Audio-Visual Large Language Models process sound and image together but default to vision when the two conflict, according to a new study published on ArXiv — the first mechanistic interpretability analysis of its kind applied to multimodal AI systems.
Researchers examined how audio and visual signals travel and merge through the layers of an AVLLM, tracing the path from raw input to final text output. Their central finding: audio information is genuinely present inside these models at intermediate layers, but it gets crowded out before it reaches the text-generation stage.
Audio Is There — It Just Gets Ignored
Using probing analyses — a technique that tests what information is encoded at different points inside a neural network — the researchers confirmed that useful audio representations exist in the model's intermediate layers. The model is not deaf. It processes sound and builds meaningful internal representations of it.
The problem emerges in the deeper fusion layers, where audio and visual streams combine before the model generates text. At that stage, visual representations dominate, systematically suppressing audio cues. When audio and visual signals agree, this bias is invisible. When they conflict, the model sides with its eyes.

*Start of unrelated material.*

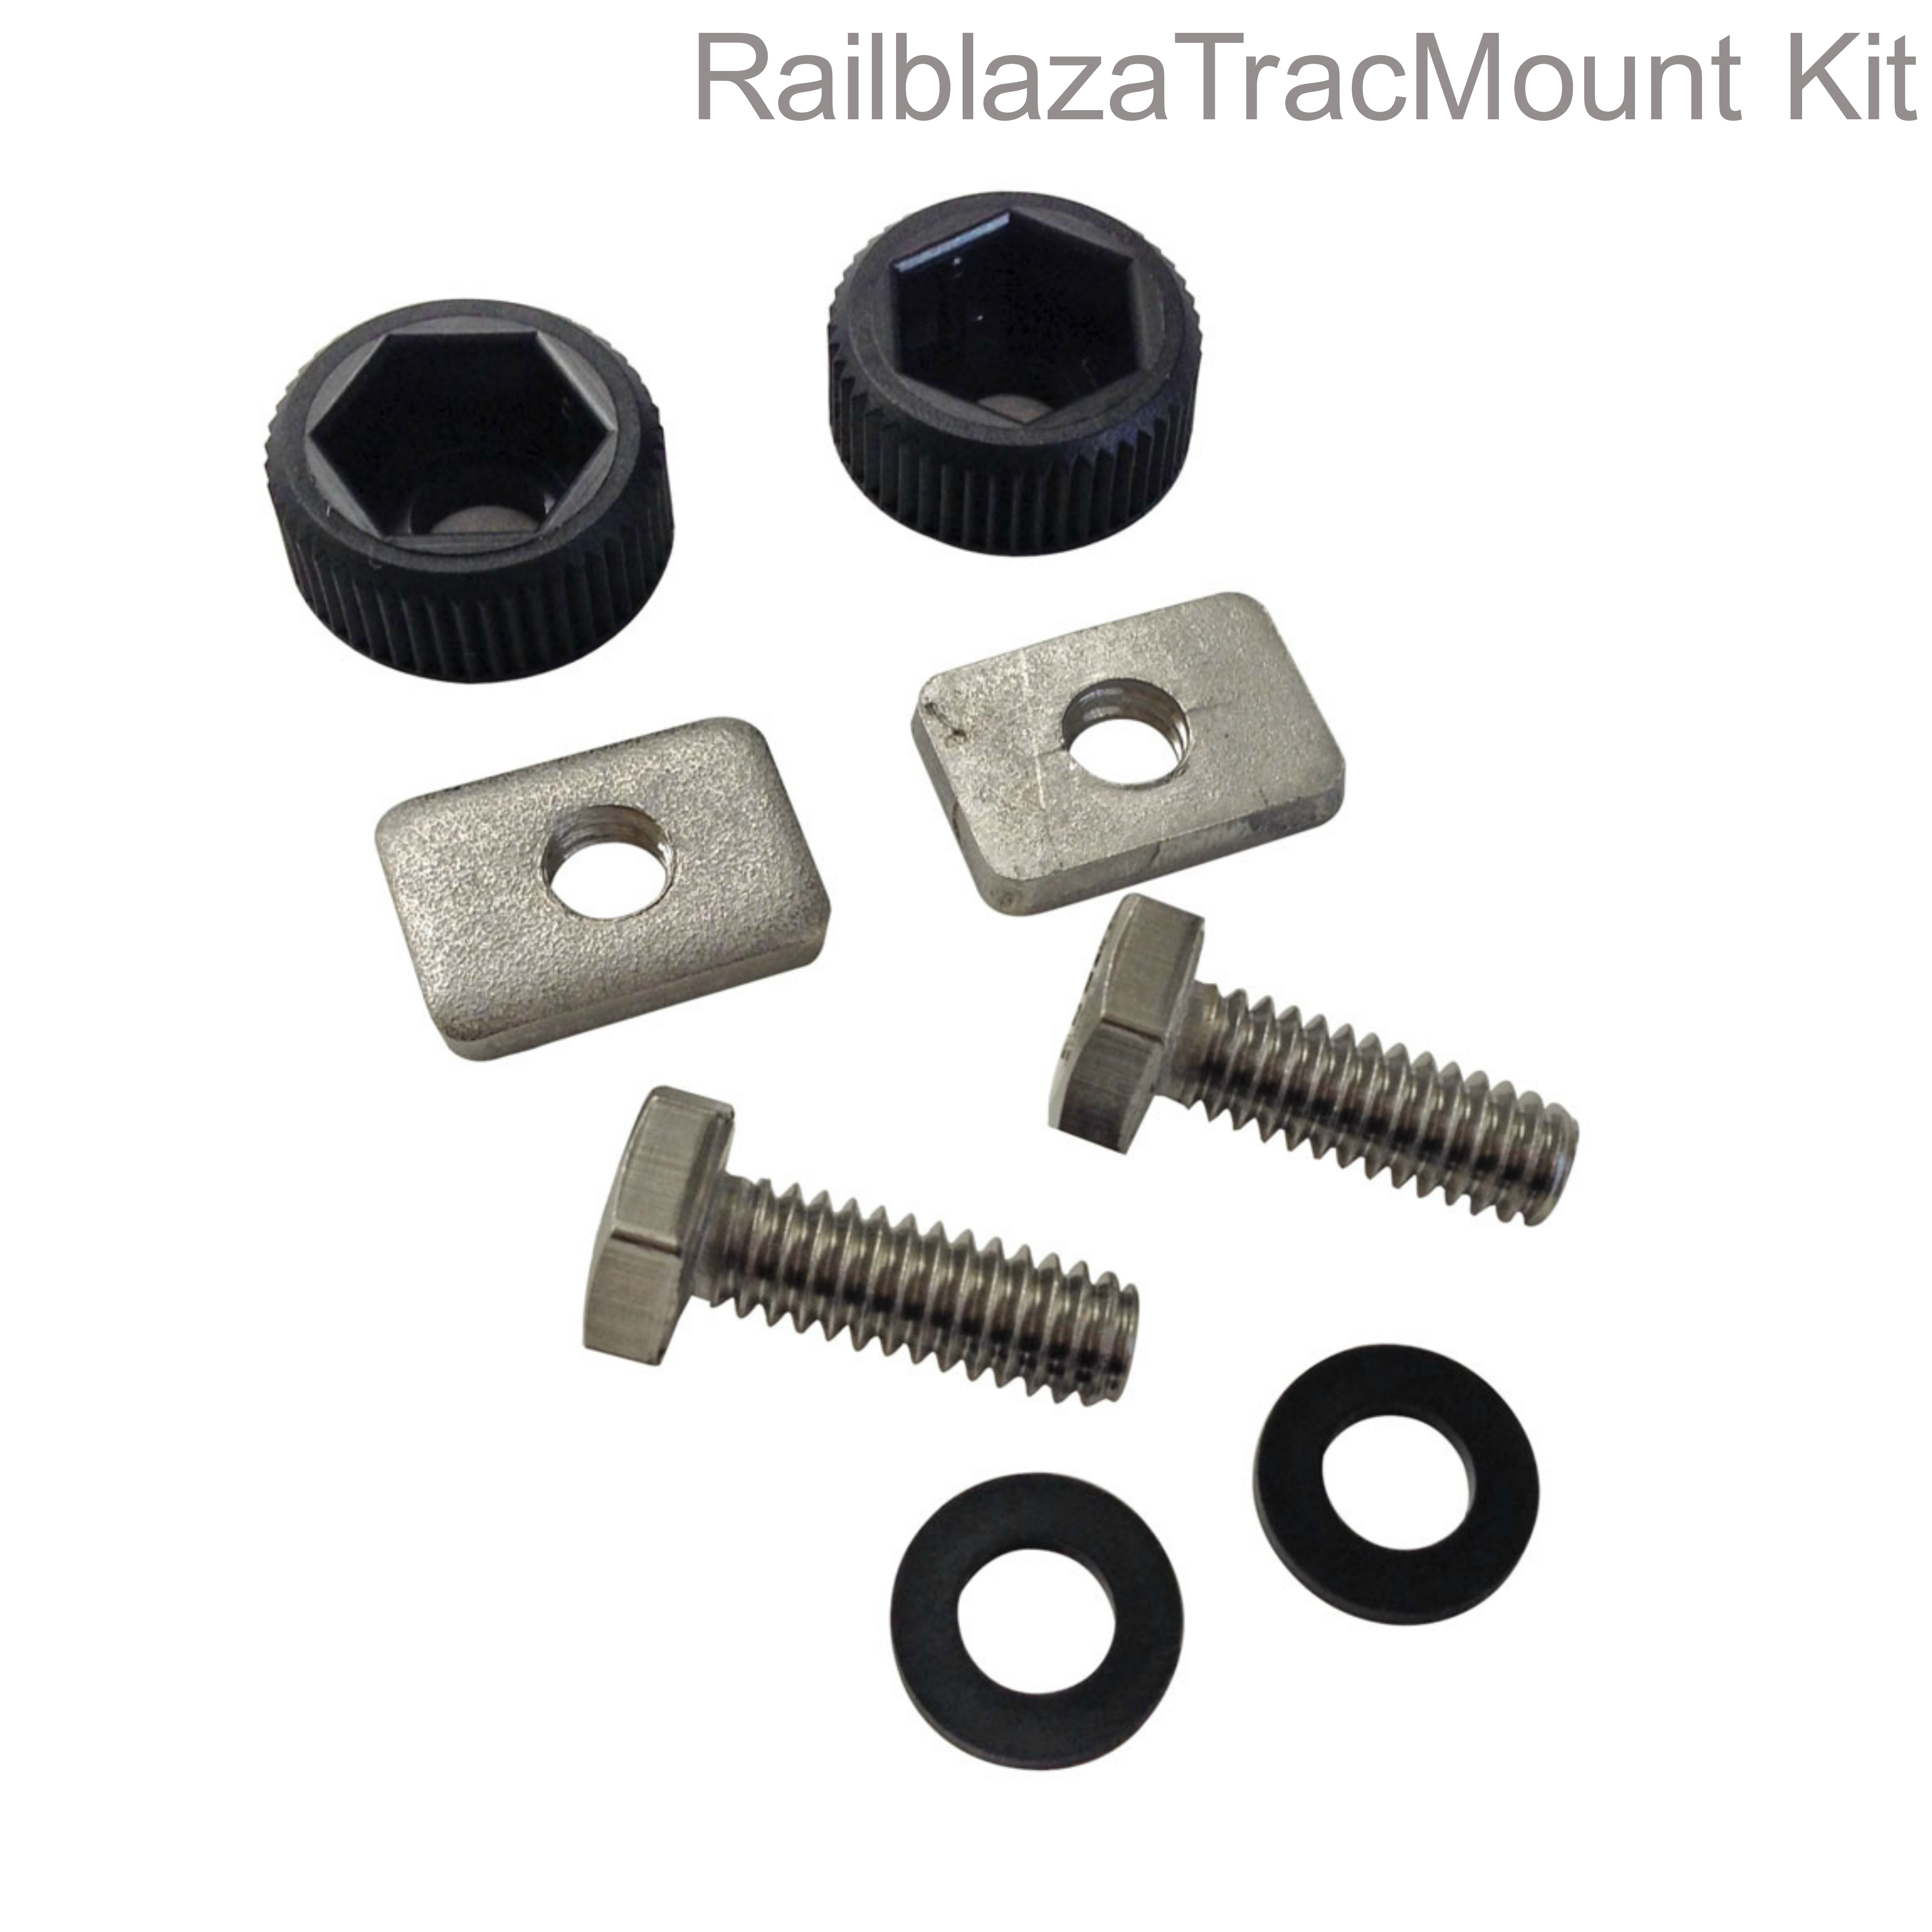 Railblaza 03-4109-11 StarPort HD TracMount Kit|Centrally Lock|For Kayak Accessory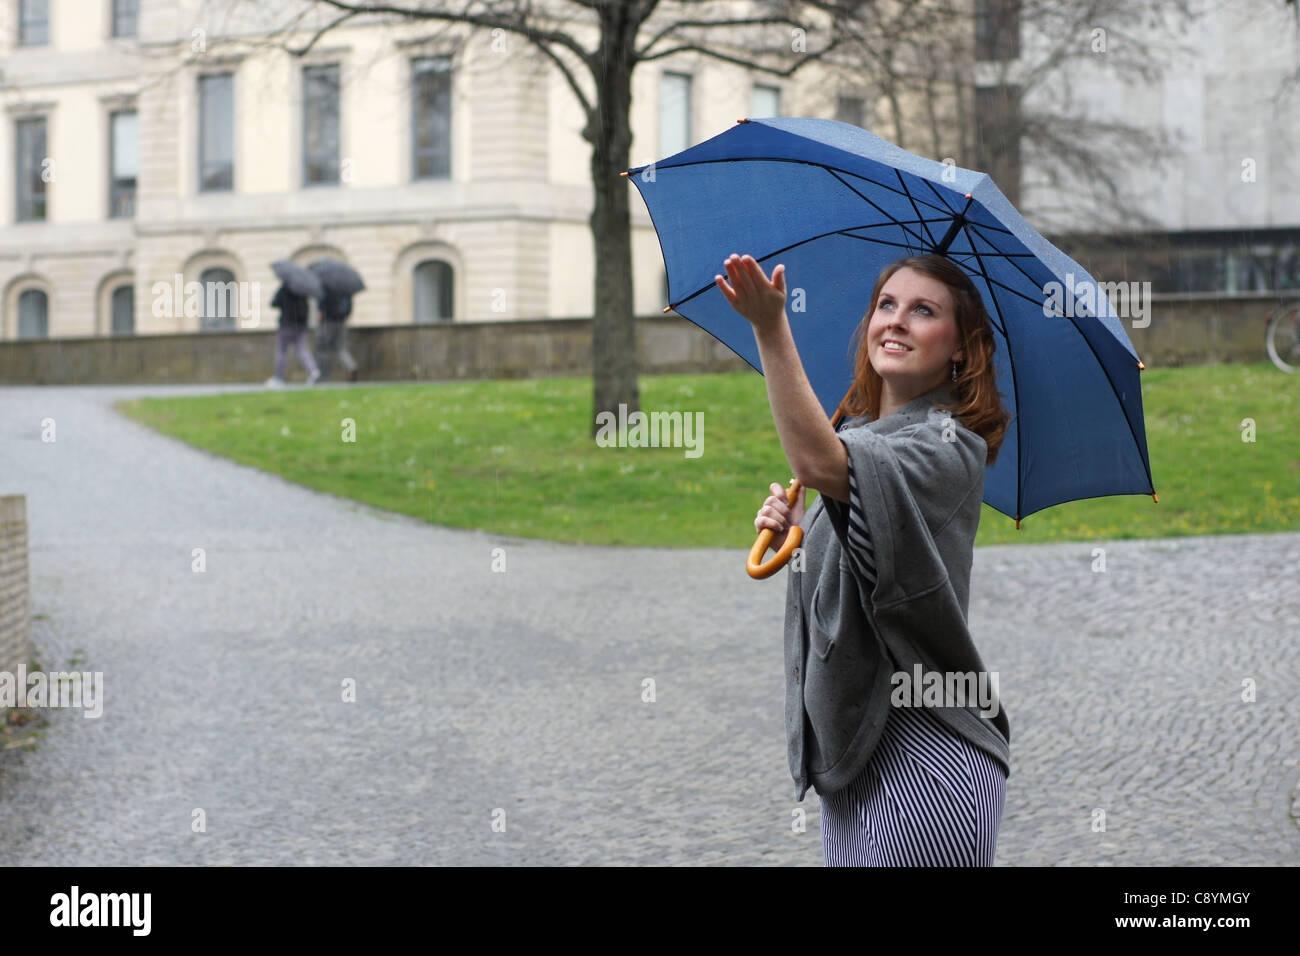 young woman with umbrella enjoying the rain Stock Photo

Useful latent audio information is present, but deeper fusion layers disproportionately privilege visual representations that tend to suppress audio cues.
This distinction matters practically. A model evaluating a video clip where a speaker's words contradict an on-screen caption, or where background sound signals danger invisible to the camera, would likely miss the audio signal entirely — even though it technically processed it.
The Training Problem Behind the Bias
The researchers traced the imbalance back to how AVLLMs are built. Most are constructed by extending an existing vision-language model (VLM) — trained on image-text pairs — with additional audio capabilities. The study found that the AVLLM's audio behaviour closely mirrors that of its vision-language base model, suggesting that the audio fine-tuning stage does not substantially realign the model's internal priorities.
In plain terms: the model was trained to see first, and adding audio on top did not override that foundation. The visual bias is not a bug introduced during audio training — it is an inherited feature that audio training failed to correct.
This has implications for how multimodal models are evaluated. Standard benchmarks typically test modalities in isolation or in cooperative settings where audio and vision reinforce one another. The study suggests these benchmarks would not catch a systematic audio suppression problem, because the bias only surfaces under conflict conditions. All benchmark results referenced in the original paper are self-reported by the research team.
What Mechanistic Interpretability Adds to the Picture
Most AI evaluation work tests what a model outputs. Mechanistic interpretability — the field this study draws from — asks what happens inside the model to produce that output. Applied to language models, it has revealed phenomena like how models store factual associations and how attention heads specialise. This study applies the same lens to multimodal systems, tracking signals layer by layer.
The approach matters because output-level testing can miss systematic internal failures. A model might answer audio-visual questions correctly in most test cases while harbouring a deep structural bias that only becomes visible under adversarial or conflicting conditions. The researchers argue that without this kind of internal analysis, developers cannot know whether audio capabilities are genuinely integrated or merely decorative.
The paper describes itself as the first mechanistic interpretability study of AVLLMs — a claim that, if accurate, marks a significant gap in prior evaluation methodology for a class of models increasingly deployed in real-world applications including video understanding, accessibility tools, and surveillance systems.
Implications for Multimodal AI Development
The findings carry direct consequences for how AVLLMs are built and tested. If audio fine-tuning leaves the visual hierarchy largely intact, developers seeking genuine audio-visual integration may need to rethink training pipelines — potentially training on more adversarial audio-visual pairs, or restructuring fusion layers to give audio signals a stronger footing before visual representations consolidate.
The study also raises questions about accountability. Products marketed as capable of understanding both sound and image may be operating primarily as vision models with an audio facade — a gap between advertised capability and actual behaviour that evaluation teams and regulators would have limited tools to detect using standard benchmarks.
The researchers have not proposed a fix, but the mechanistic framing of the problem provides a starting point: if the suppression happens in specific fusion layers, architectural changes targeting those layers become a testable hypothesis.
What This Means
AI systems marketed as audio-visual may be far more visually biased than their benchmarks reveal — and developers building on vision-language base models should treat genuine audio integration as an open engineering problem, not a solved one.